ECONOMIA FAMILIAR
Quando a crise social se agrava os ideólogos gostam de se refugiar na biologia. Daí que o debate da crise alemã tenha descoberto de novo os laços de sangue pessoais. O que a classe média em queda mais gostaria era de fazer de grande família de Thomas Mann numa "nova condição burguesa", para simular saturação numa espécie de Biedermeier (1) de crise. Mas este programa não funciona. É revelador que o autor best-seller conservador Frank Schirrmacher goste acima de tudo de invocar as virtudes femininas como programa de salvação para a situação de catástrofe social. Não se invoca o grande príncipe intelectual da burguesia culta, nem o sustentáculo da família patriarcal tradicional, mas sim o trabalho amoroso e o auto-sacrifício maternais sem limites, que devem substituir o estado social em derrocada. A propaganda de um novo idílio familiar pretende lançar o peso da crise sobre as mulheres, o que elas não podem comprar ao preço da sua hipócrita glorificação como o verdadeiro sexo forte.
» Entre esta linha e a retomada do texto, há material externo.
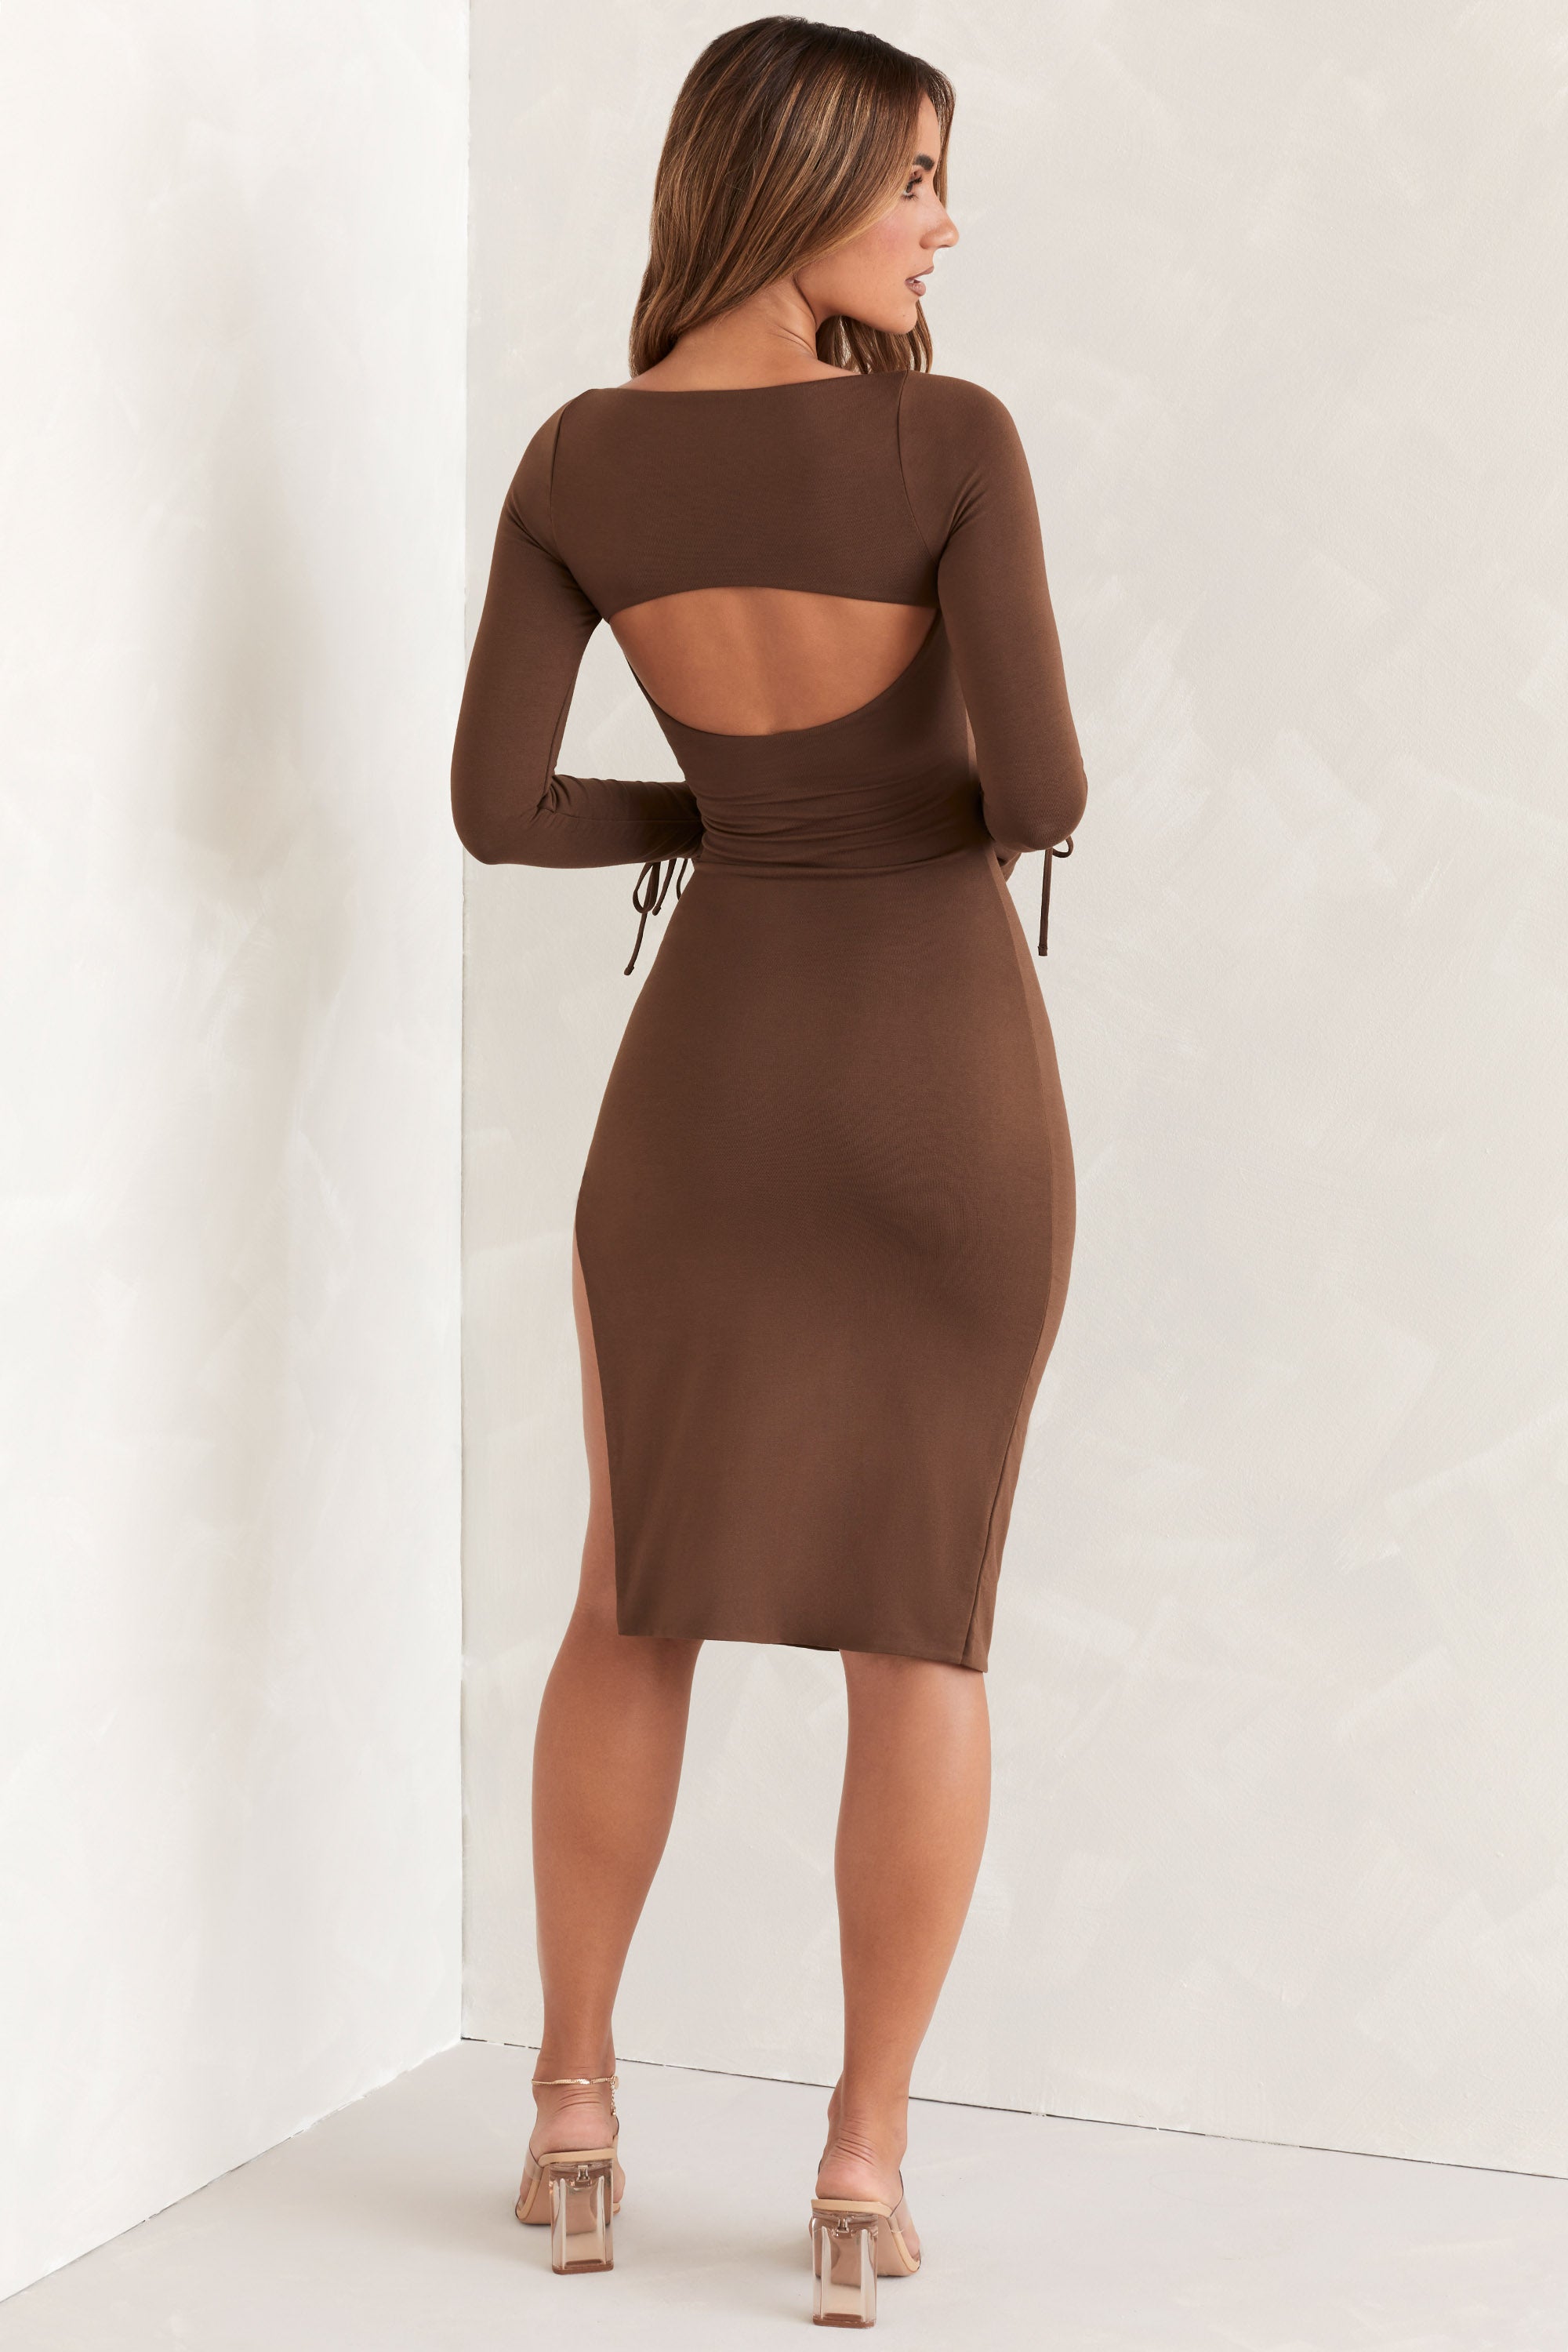 brown long dress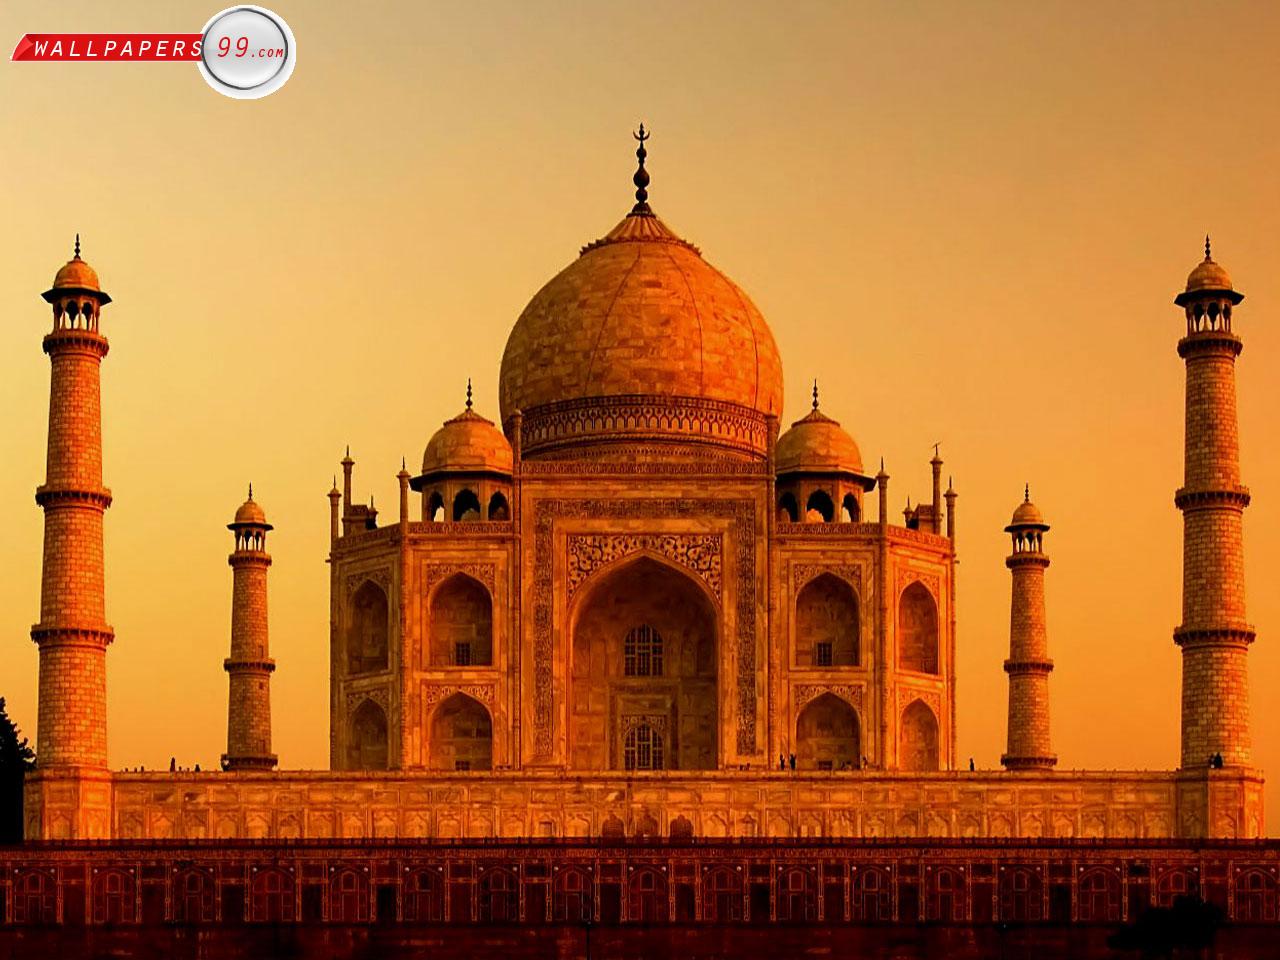 HD WALLPAPER GALLERY: Taj Mahal India wallpaper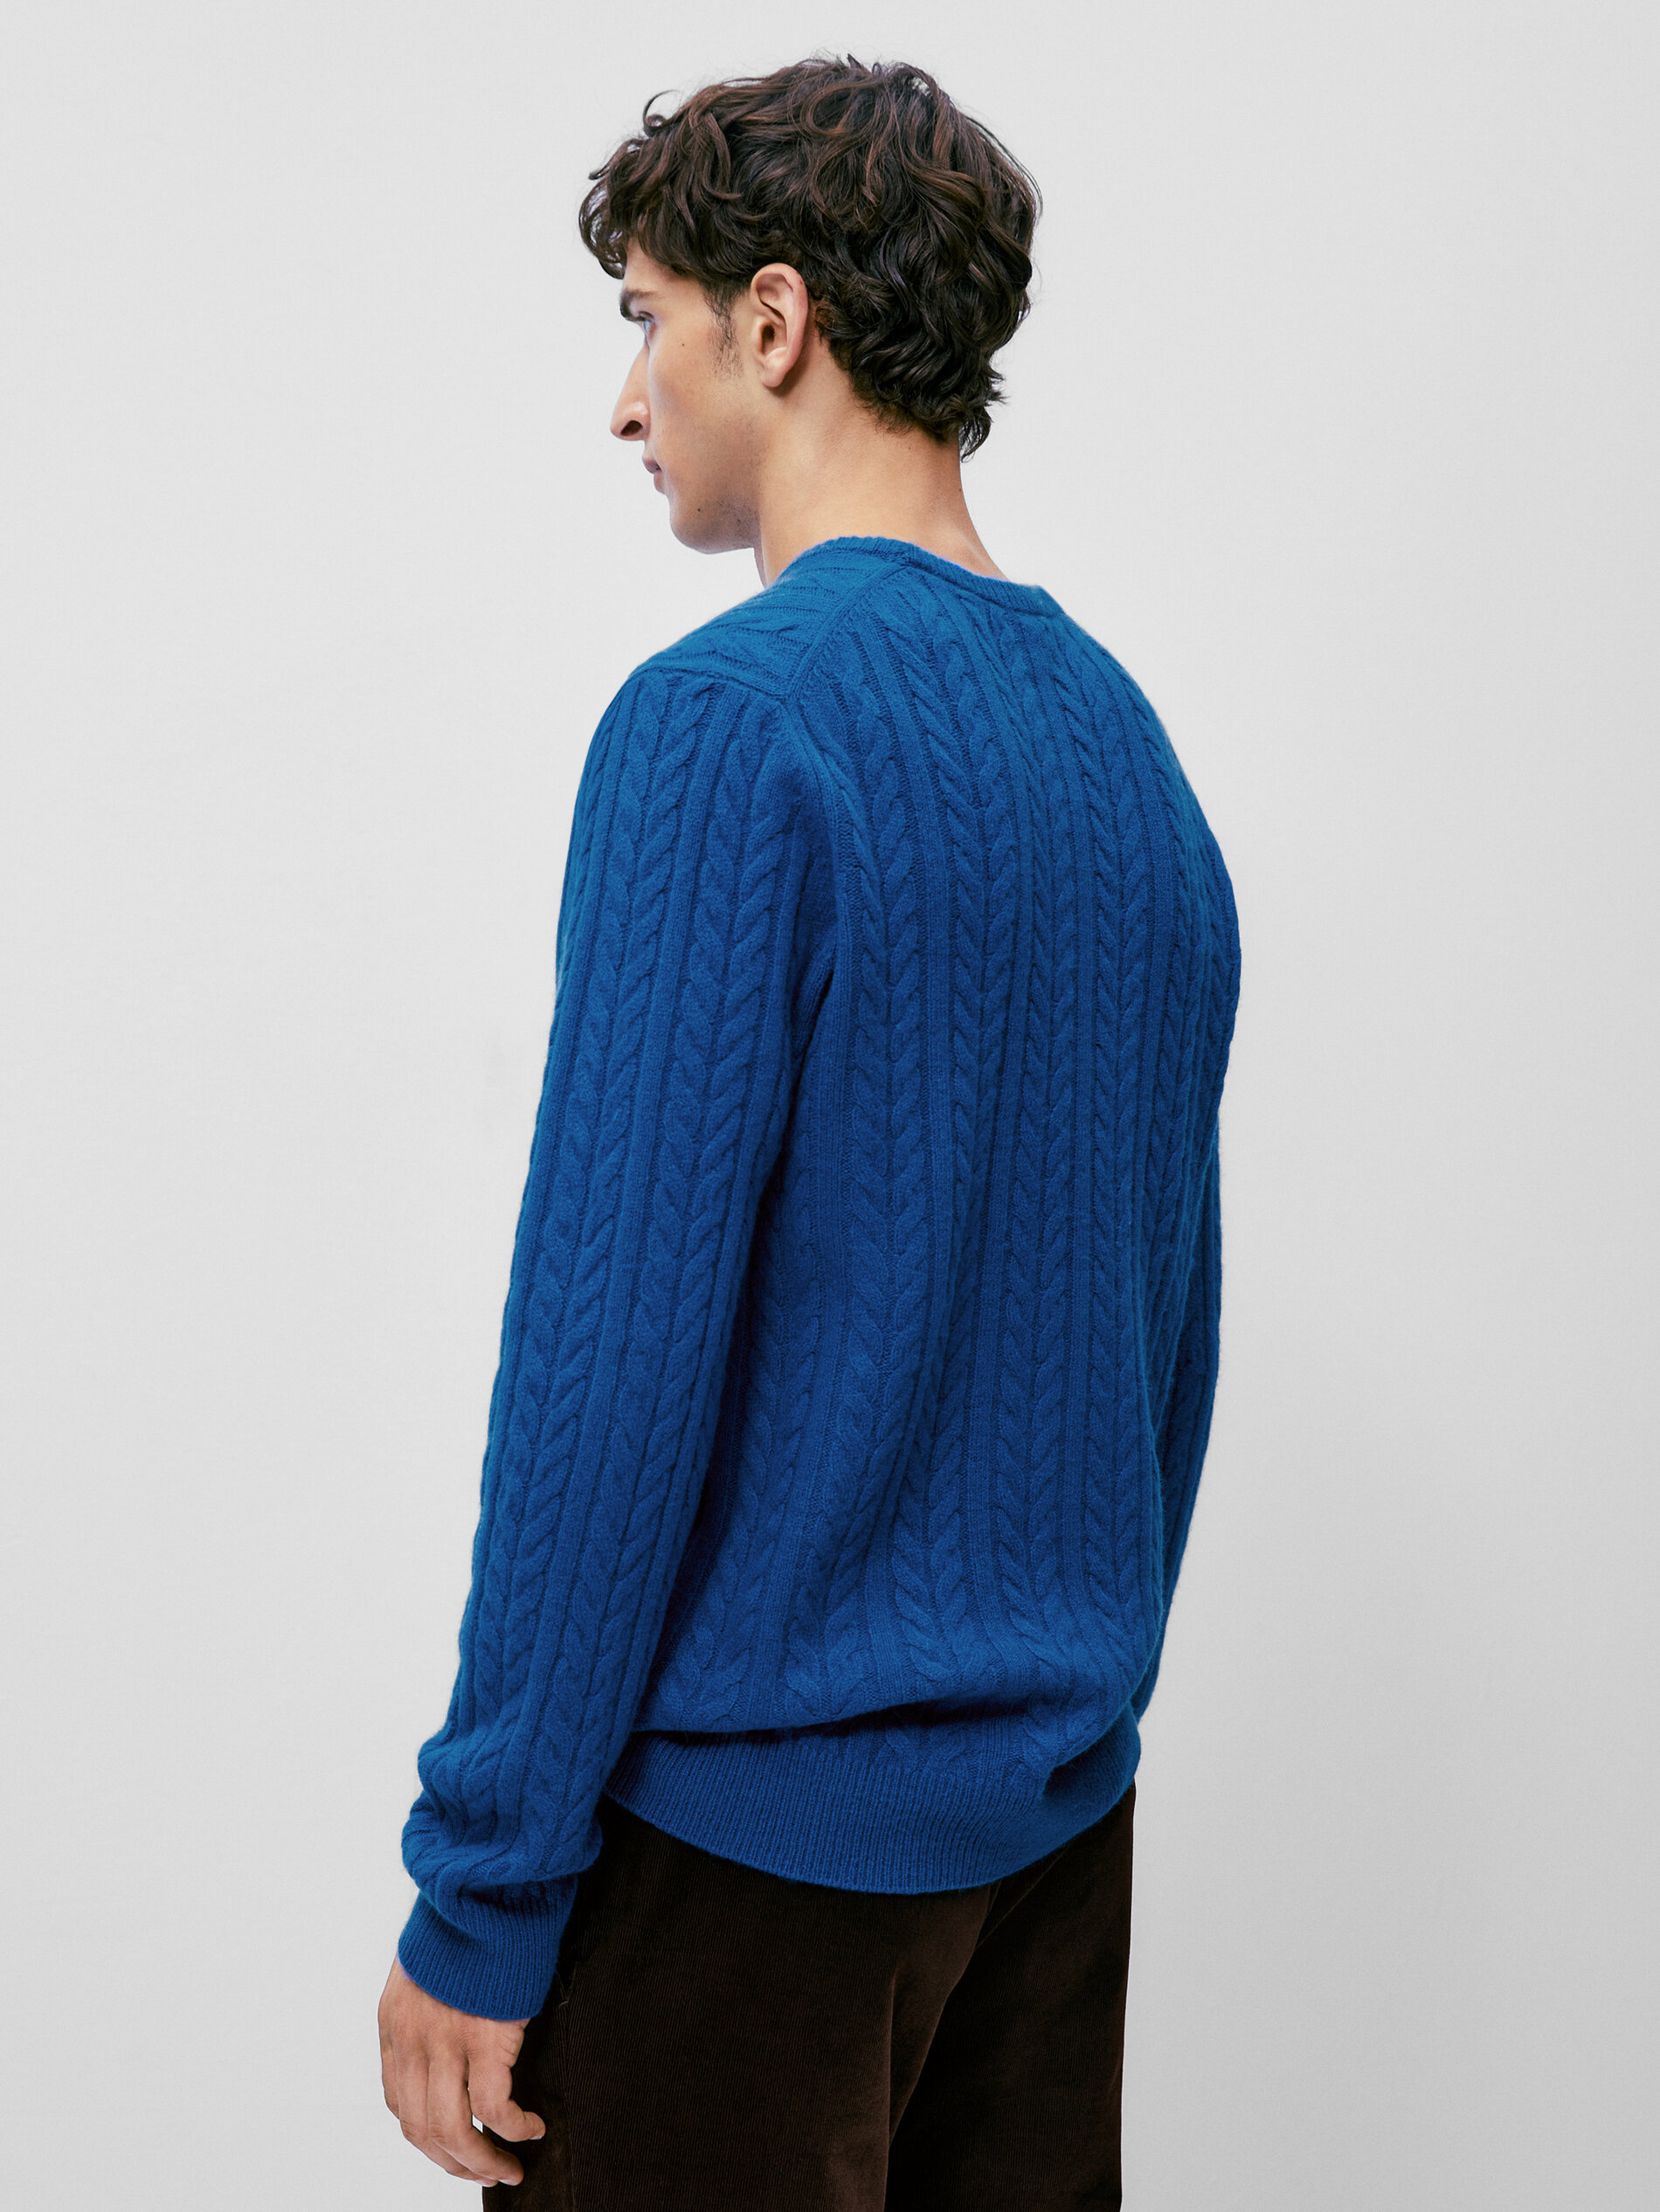 Massimo Dutti Wollen trui blauw gestippeld casual uitstraling Mode Sweaters Wollen truien

Antes de mais é falso o argumento de que o aumento do gosto de dar à luz poderia desempanar a carroça da segurança social. O que se gostaria mesmo, na verdade, era de deixar morrer rapidamente a responsabilidade social para com os velhos, que no passado suportaram o processo de valorização então ainda com bom resultado, e que agora fazem valer o seu direito à reforma. É nessa direcção que aponta o aumento da idade da reforma, já decidido para 67 anos e logo que possível para idade superior, tal como a assistência médica de segunda classe. Jovens famílias com muitos filhos devem povoar a paisagem social, em vez do ameaçador excesso de reformados não financiáveis. Mas as crianças que vierem agora ao mundo crescerão num futuro programado de desemprego e baixos salários. Já os seus potenciais pais estão presentemente precarizados nas biografias do seu ganha-pão. A crise dos mercados de trabalho e a crise da segurança social condicionam-se reciprocamente. E a tendência de desvalorização da força de trabalho também já atingiu há muito os sectores qualificados. Pelo que, sob o diktat da capacidade de financiamento capitalista, mais crianças hoje não podem assegurar amanhã as reformas e os cuidados médicos dos seus pais.
Os novos ideólogos da família fazem de conta que em breve haverá o perigo de um cruel conflito de gerações, porque os jovens, que são cada vez menos, já não quererão alimentar financeiramente o número cada vez maior de velhos. Na verdade, com as gerações actuais passa-se precisamente o contrário: muitos jovens adultos já não têm nenhuma perspectiva profissional, ficam pendurados em estágios não remunerados nas sociedades unipessoais ou no fado do Hartz-IV (2), e continuam dependentes e acocorados no ninho dos seus pais. Assim, o desnível social é menos entre quem agora consegue, ou não, sucesso numa carreira, e mais entre quem recebe ou espera receber, ou não, uma herança do património, em dinheiro ou em espécie, poupado dos velhos tempos de prosperidade que já lá vão. Mas qualquer dia acaba-se esta reserva. Então apenas restará aos avós, pais e filhos administrar a sua pobreza comum. Sob tais condições de futuro não é de modo nenhum racional, mas sim um sinal de perda do sentido da realidade, pretender que os jovens casais devam fugir à falta de perspectiva social precisamente "fazendo filhos". O que está na ordem do dia não é a construção do ninho à moda neo-Biedermeier (1), mas sim a crítica radical das relações burguesas de produção e das relações burguesas entre os sexos.
1. Biedermeier : movimento cultural afirmativo pequeno burguês na Alemanha e Áustria entre 1820 e 1840. Literalmente, feitor honesto.
2. Programa de liquidação do estado social em curso na Alemanha.
Original FAMILIENÖKONOMIE in Neues Deutschland, 07.04.2006.